** Source data follows **

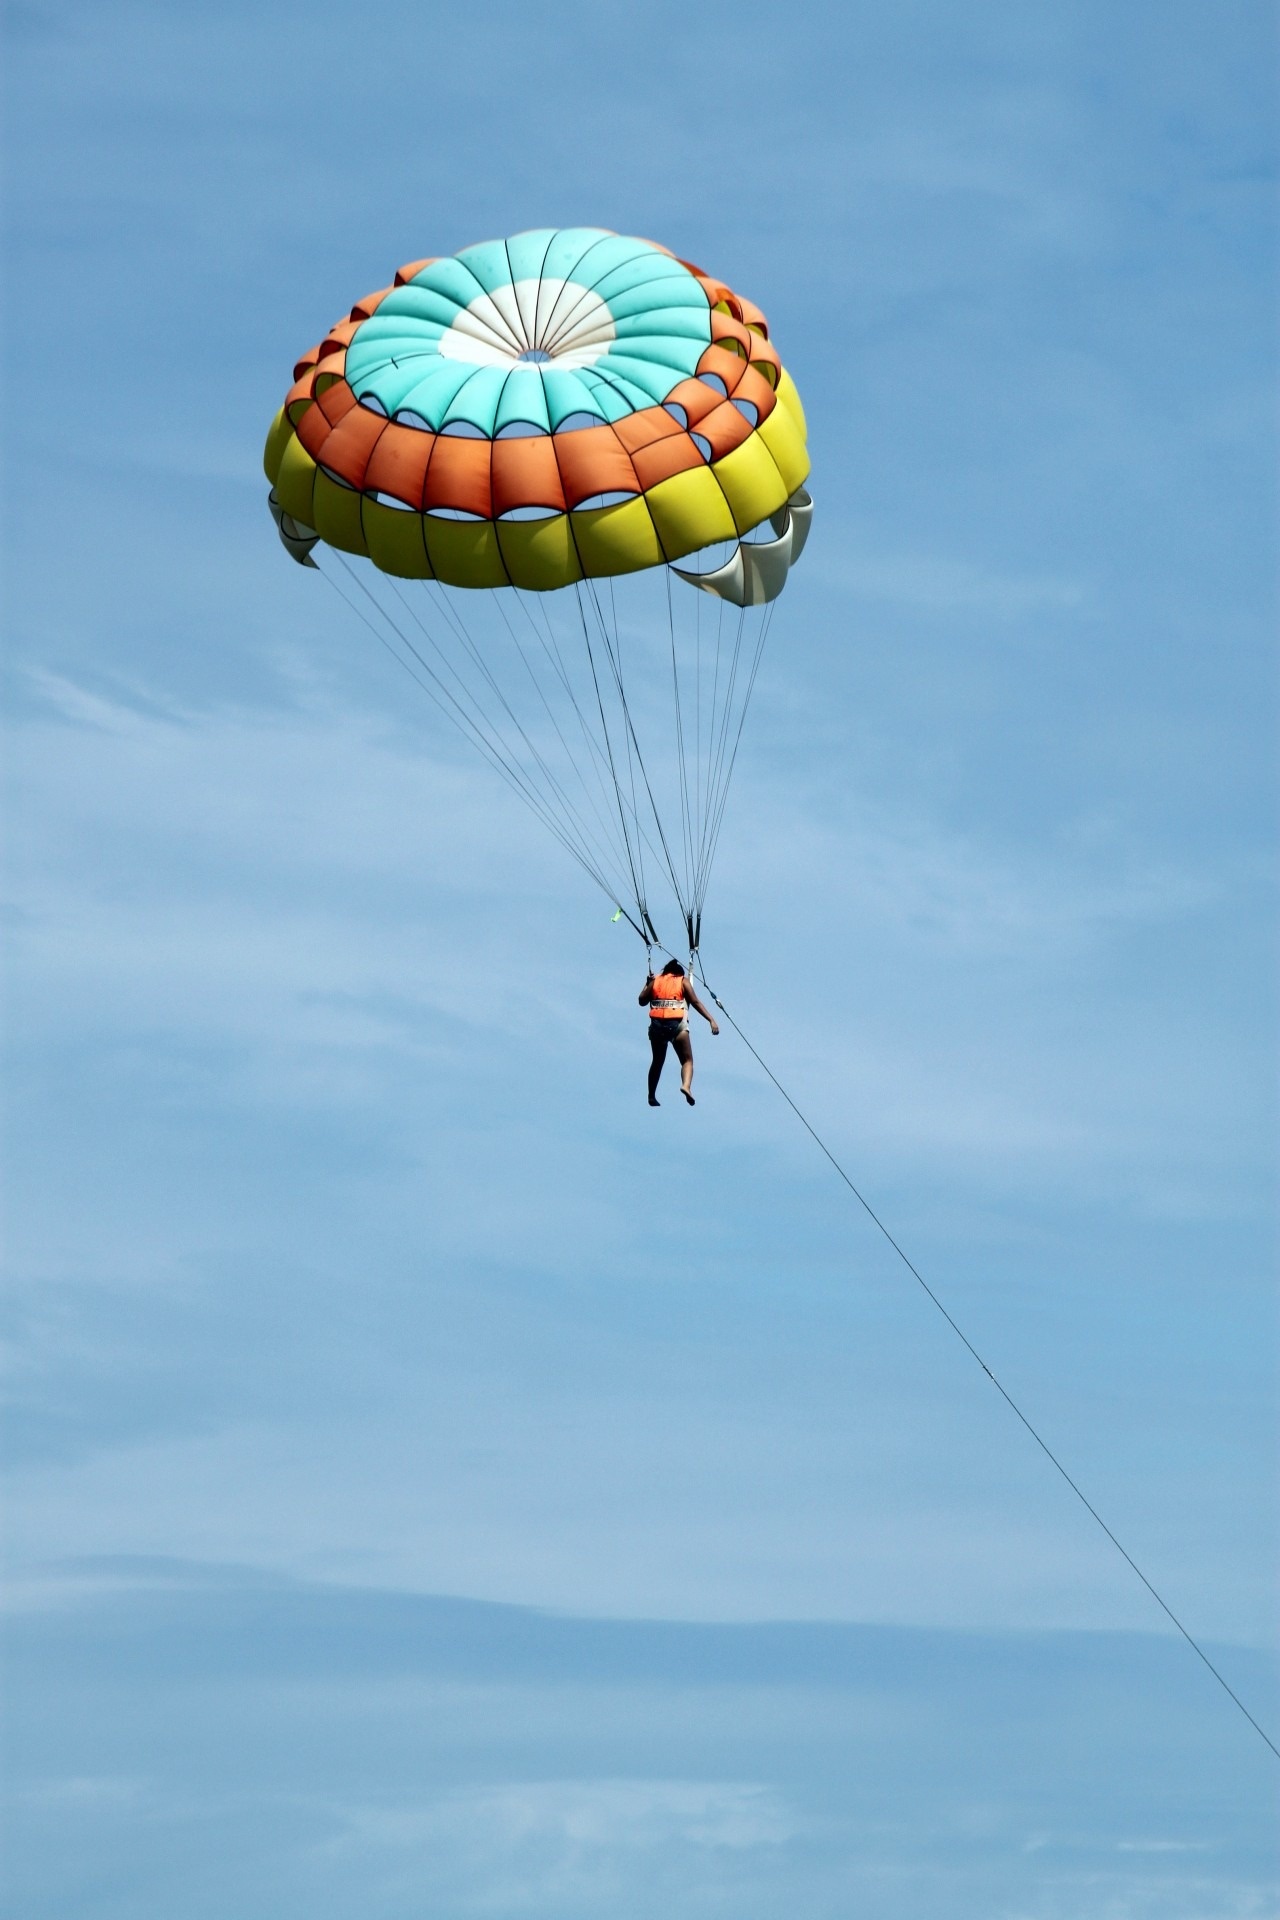 Parasailing: Skydiver, Solo flight, A once-in-a-lifetime experience, Mid-air, Extreme sports. 1280x1920 HD Wallpaper.
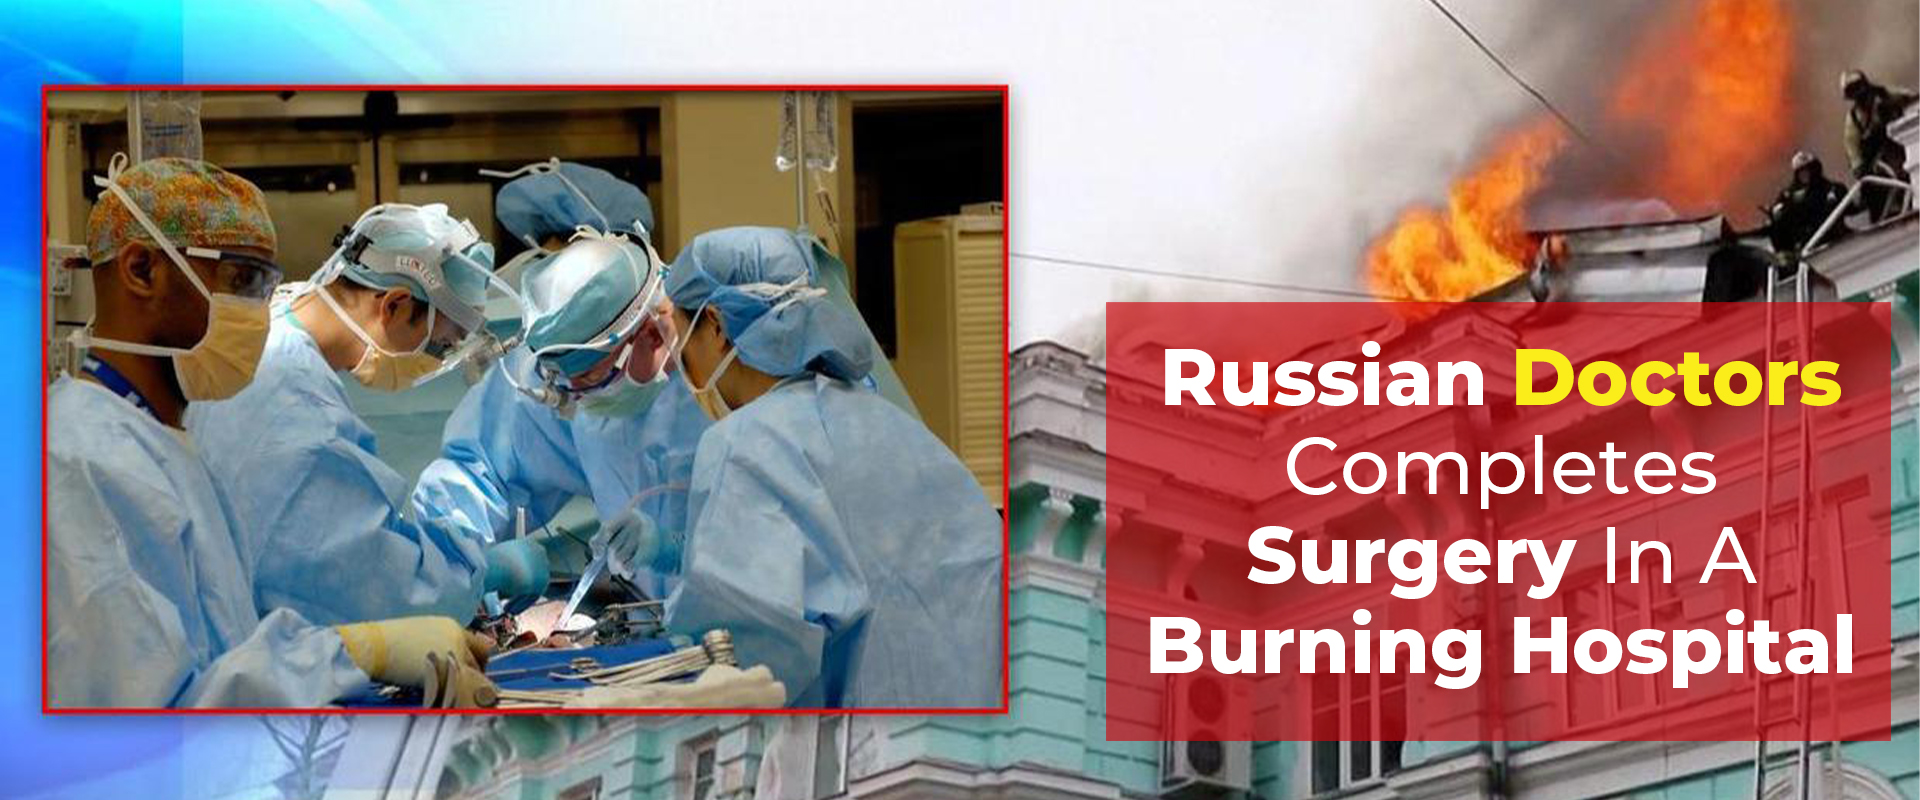 Doctors complete heart surgery as the Russian hospital burns
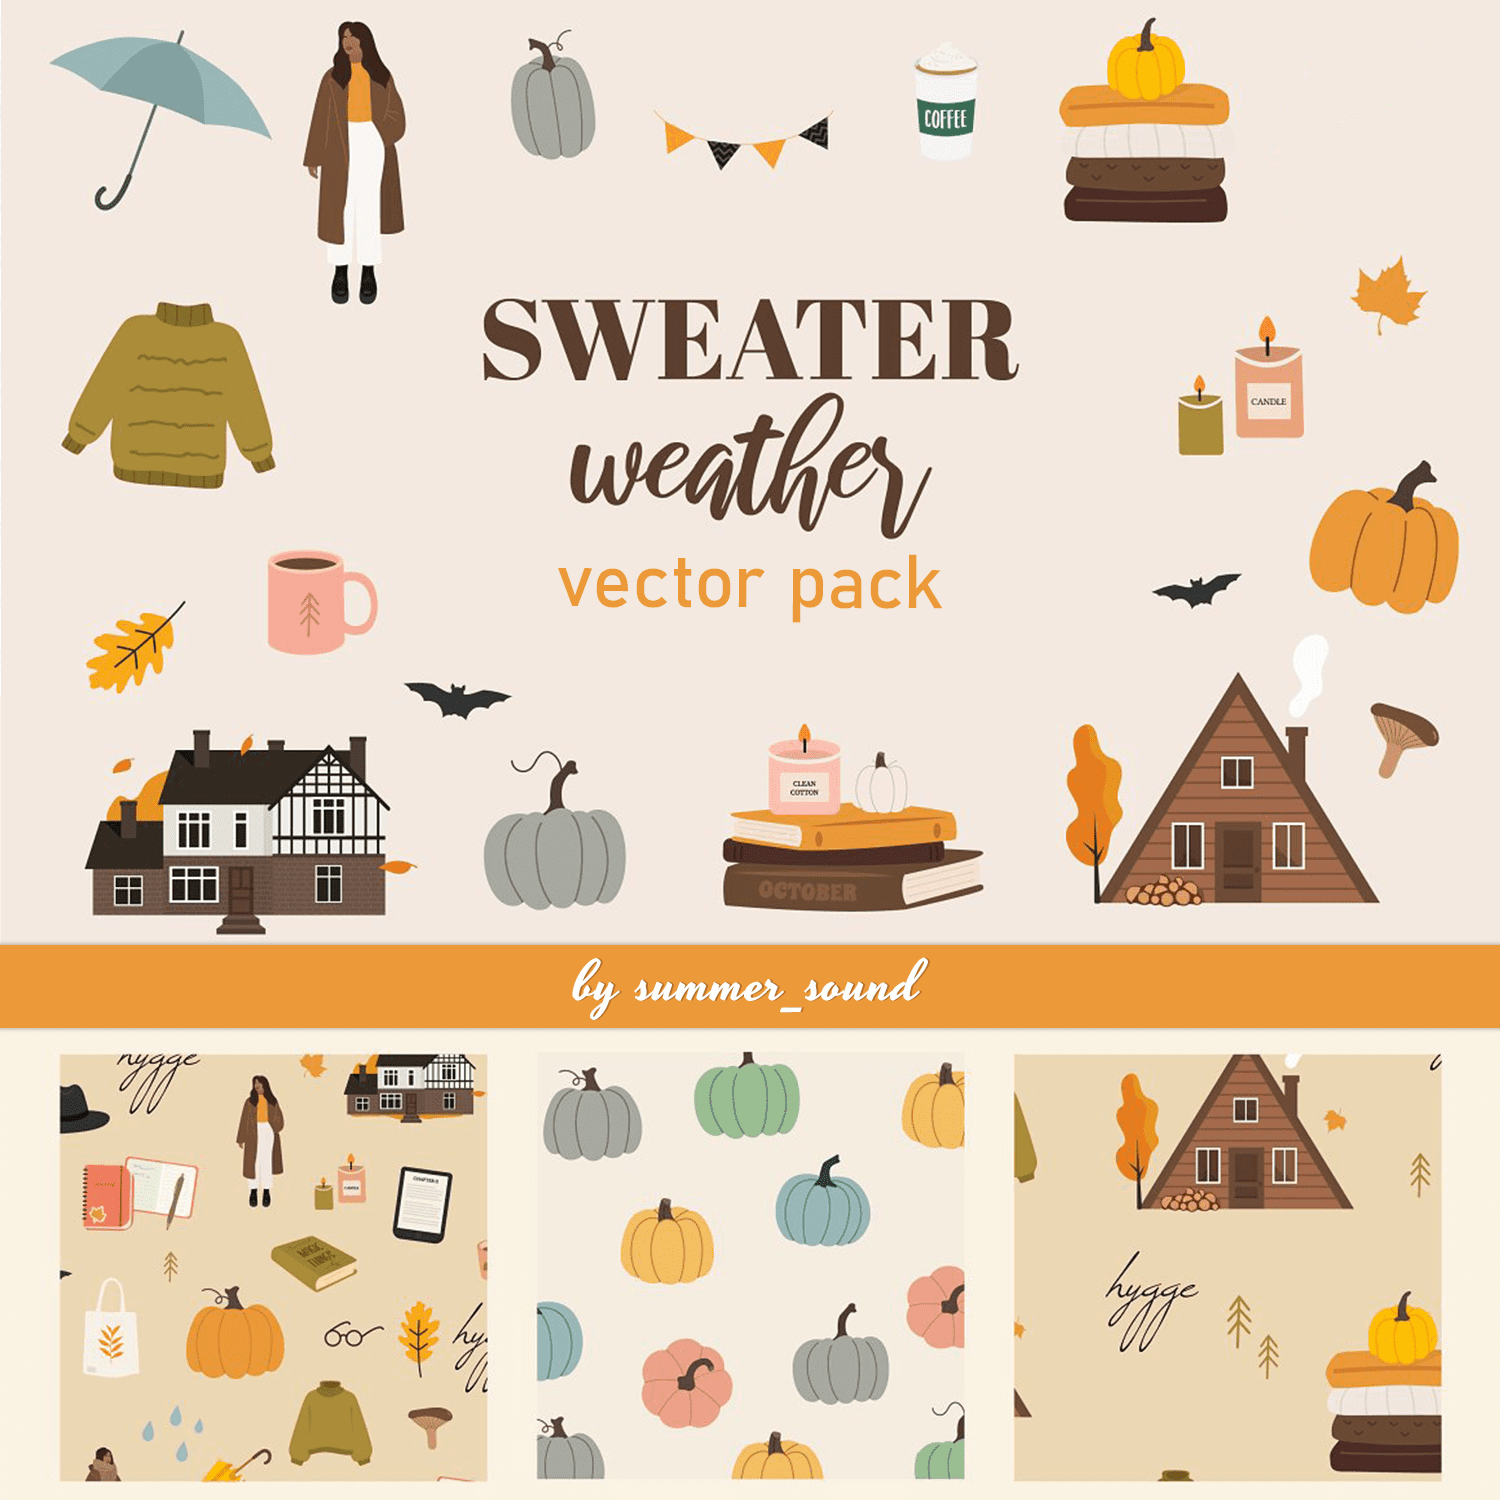 Sweater Weather vector pack cover.
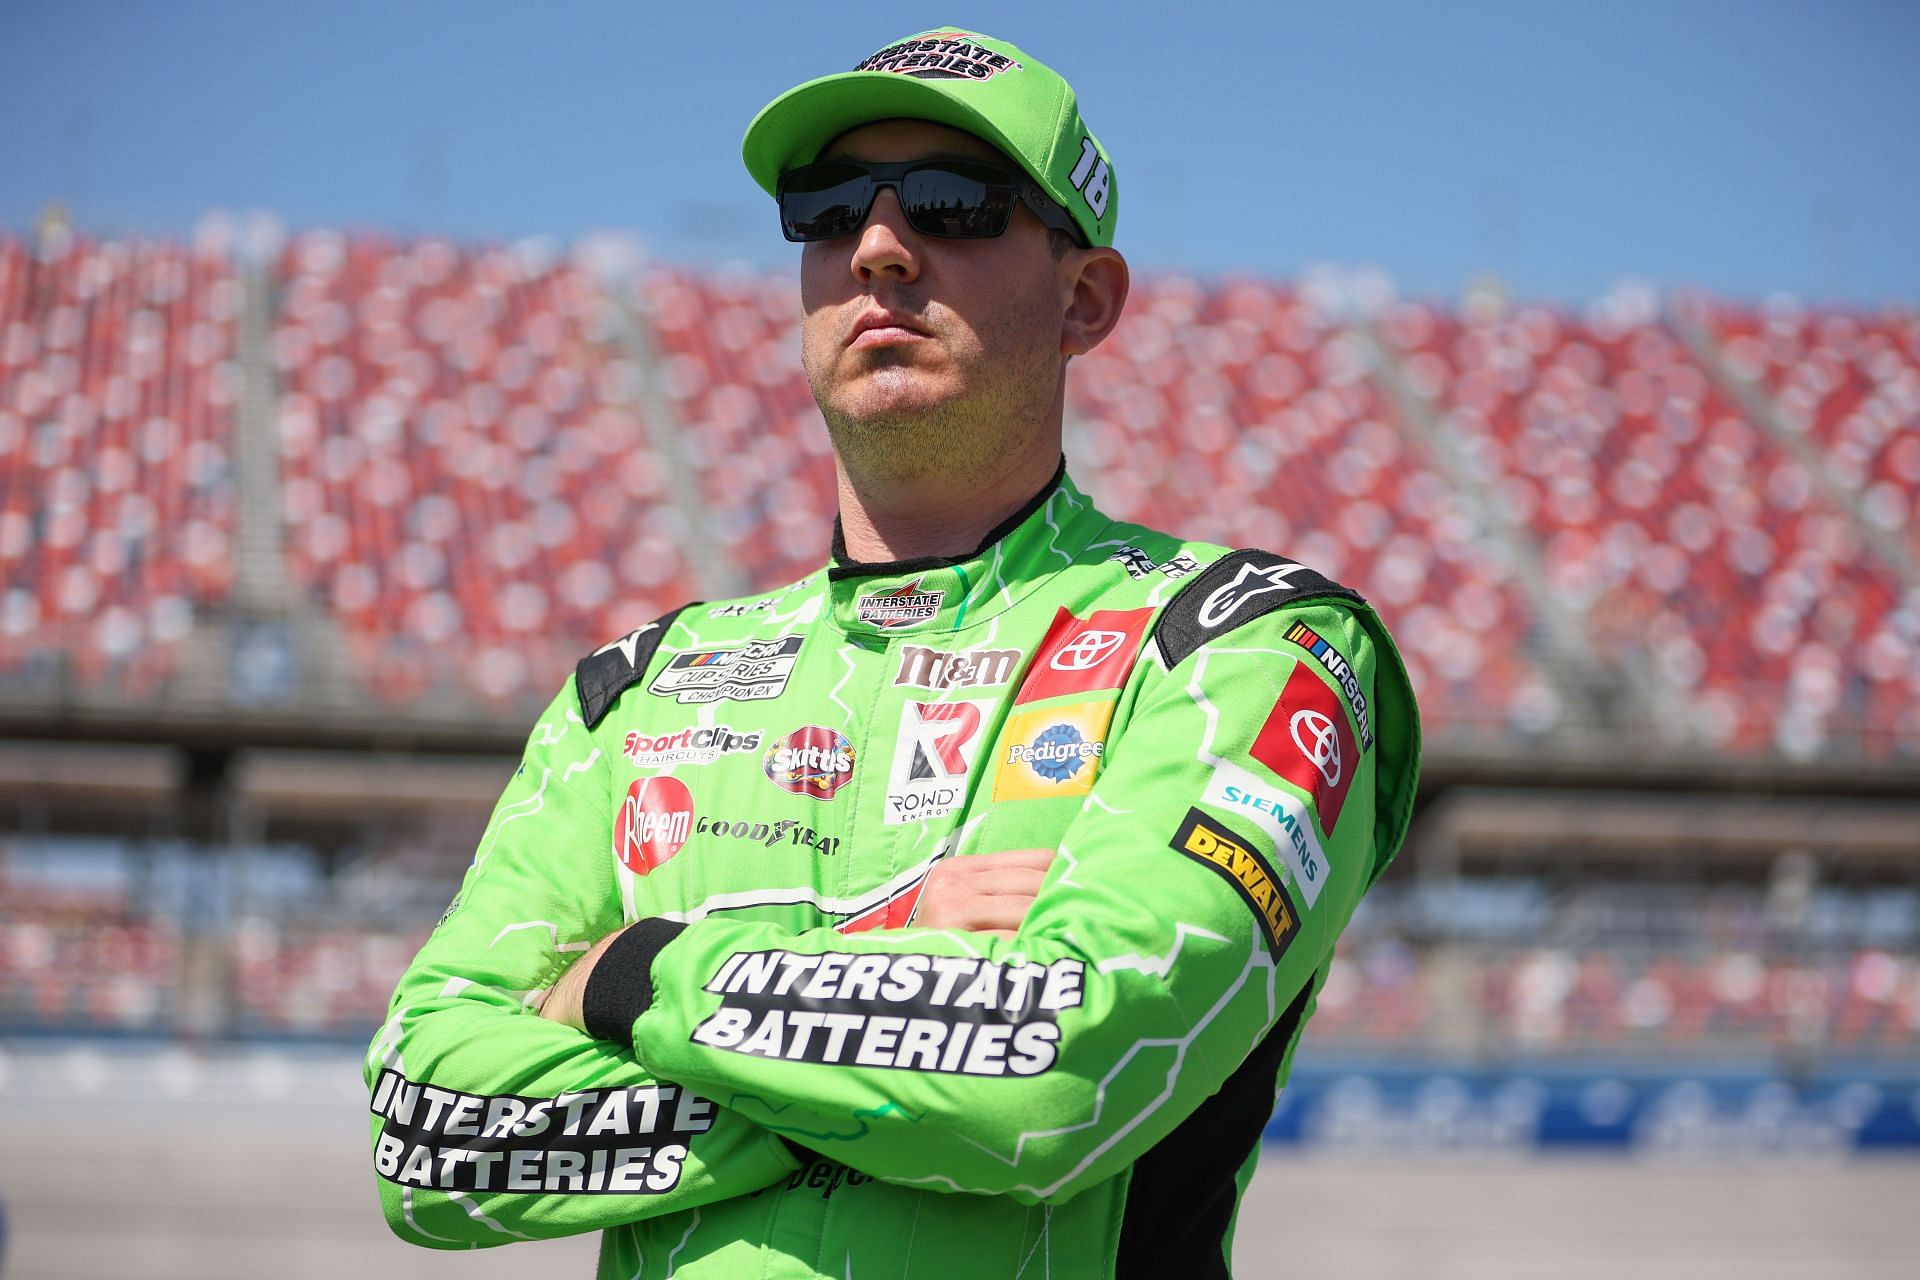 Kyle Busch looks on during qualifying for the NASCAR Cup Series GEICO 500 at Talladega Superspeedway.

** End of Source data **

Apart from the pictures, restate all of the listing above exactly.

 Parasailing: Skydiver, Solo flight, A once-in-a-lifetime experience, Mid-air, Extreme sports. 1280x1920 HD Wallpaper.
 Doctors complete heart surgery as the Russian hospital burns
 Sweater Weather vector pack cover.
 Kyle Busch looks on during qualifying for the NASCAR Cup Series GEICO 500 at Talladega Superspeedway.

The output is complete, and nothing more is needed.